Acabo de caer en la cuenta de que, por primera vez, los que ocupan los puestos más importantes del Estado -primer ministro, Interior, Asuntos Exteriores y Hacienda- son más jóvenes que yo. Tres de ellos son tan jóvenes que ciertas frases que en mis tiempos eran comunes para ellos serían ininteligibles. Esto sugiere que debo reflexionar sobre mi vejez. "El intríngulis de la vejez, querido muchacho -decía Malcolm Muggeridge-, es que debes decidir de antemano cómo actuar en ella." Como él señalaba, algunas personas eludían el problema porque ya habían eludido la juventud y la madurez. Estaba, por ejemplo, ese arzobispo de Canterbury llamado Ramsay, que parecía y hablaba como un viejo desde antes de cumplir los treinta. C. P. Snow fue siempre un anciano, un Néstor absoluto, aunque tenía sólo cincuenta años cuando le conocí.

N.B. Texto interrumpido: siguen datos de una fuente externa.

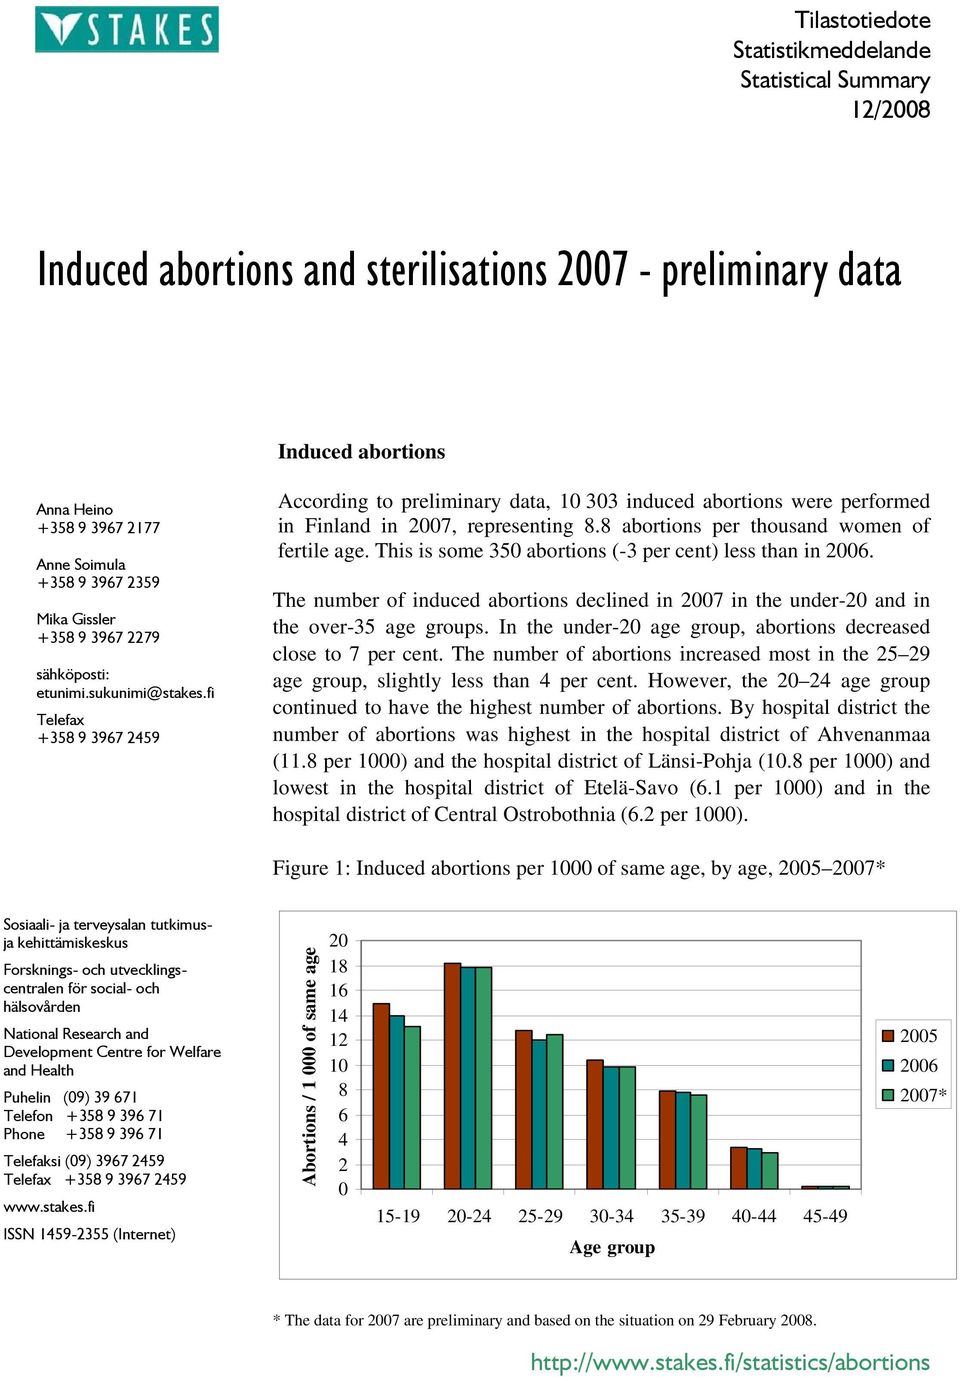 8 abortions per thousand women of fertile age. This is some 350 abortions (-3 per cent) less than in 2006.

En todo caso, es mejor actuar como viejo y no como joven. No hay nada más desconcertante que el paso vivaz y los ojos relucientes de un viejo bien conservado. Evelyn Waugh inició su representación cuando era cuarentón, y pronto añadió un acertado accesorio, como una corneta para el oído. Lord Curzon usaba un taburete para el pie: la llegada de un criado con ese antiguo mueble siempre era una señal, para sus colegas del gabinete, de que "el marqués se marchaba". J. B. Priestley, que había reflexionado mucho sobre las cuestiones histriónicas de la vejez (falleció en vísperas de su nonagésimo cumpleaños), le entregó la palma a Harold Macmillan: "Él soluciona el problema de ser viejo fingiendo que es viejísimo". Era cierto: sentado a la cabecera de la mesa del club Beeksteak, o frente a las hostiles generaciones jóvenes del Tory Philosophy Group, era presa de complejos temblores y achaques y apenas podía llevarse una copa de Dom Perignon a los marchitos labios, con lo cual sus pantallazos de ingenio, agudeza y ponzoña eran mucho más eficaces. Cuando falleció en 1986, a los noventa y dos años, hacía una década que posaba de centenario, dando la impresión de que tenía los bolsillos llenos de telegramas de la reina.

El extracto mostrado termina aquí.